After they had got themselves banned from just about every server out there
they launched their own "anything goes" server which could be actually be a
fun experience to play on.

Another interesting thing I remember from the CS days was that me and my
friends used to play the game _a lot_ which meant that we were much more
skilled than the average player. The result of this was that admins would
often accuse us of cheating (we weren't) simply because our kill/death ratio
was so much better than anybody elses (I used to have screenshots of myself
with 40/2 kill/death ratio on public servers using pistols only).

Of course this made us pissed at the time since we kept getting banned from
servers, but now I think about it where they so unjustified in doing this?
Having a massive advantage over the average player whether it comes from
skills or cheats still has the same affect of reducing the enjoyment of the
game for average players & newbies.
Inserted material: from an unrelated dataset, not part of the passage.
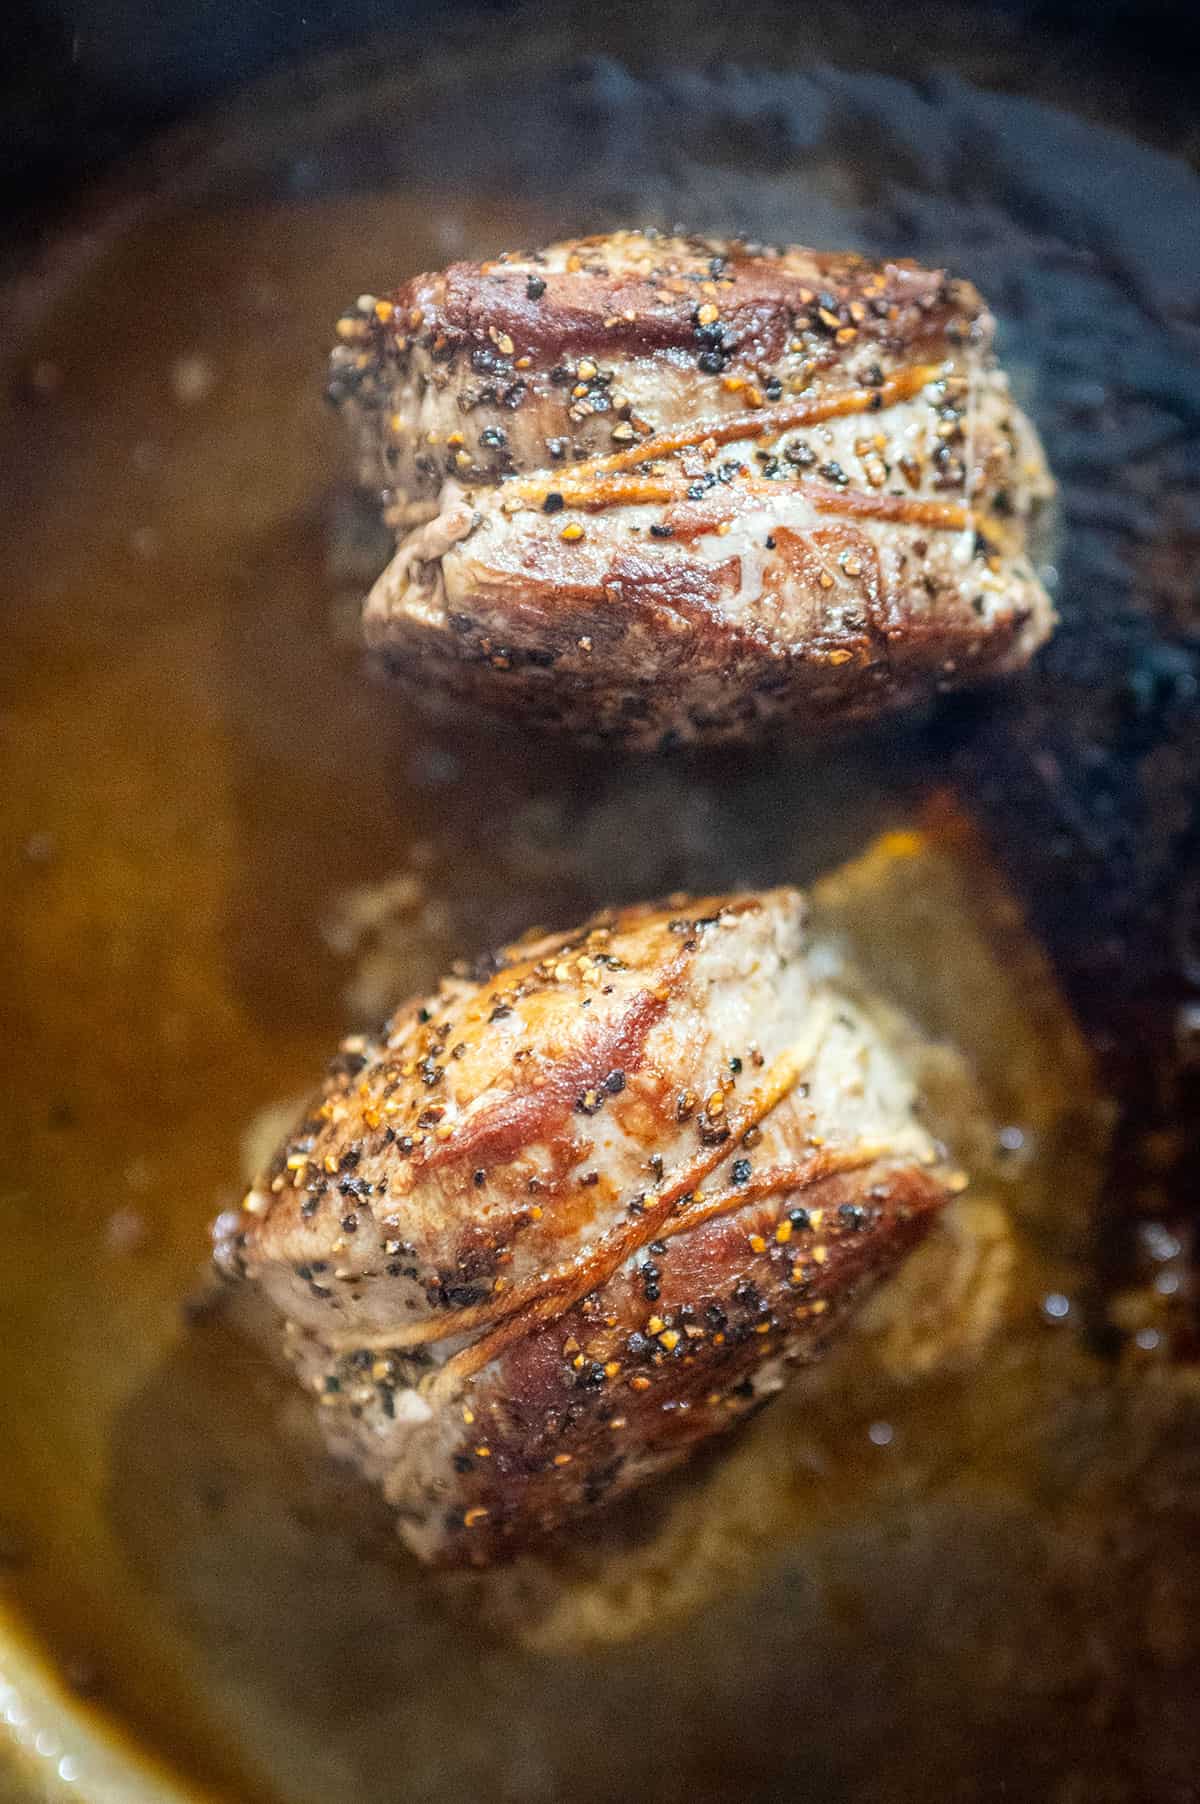 Filet mignon steaks searing on side.

It's almost like having an olympic
athletic squad turn up to the local school sports day and dominate every
trophy.

Since I don't have as much time or interest in games as I used to when I was a
teenager I tend to avoid online play in many games because the experience is
generally just getting curb stomped over and over again by more
experienced/obsessive players and sometimes in team based RTS games I get
kicked from a team because "I don't team with noobs".

Another thing I don't understand about this is how invincibility cheats would
work, I can understand things like aimbots / wallhacks because they are using
information that has been pushed to the client but surely the game server
should never allow something like the number of health points to be
authoritative on the client end?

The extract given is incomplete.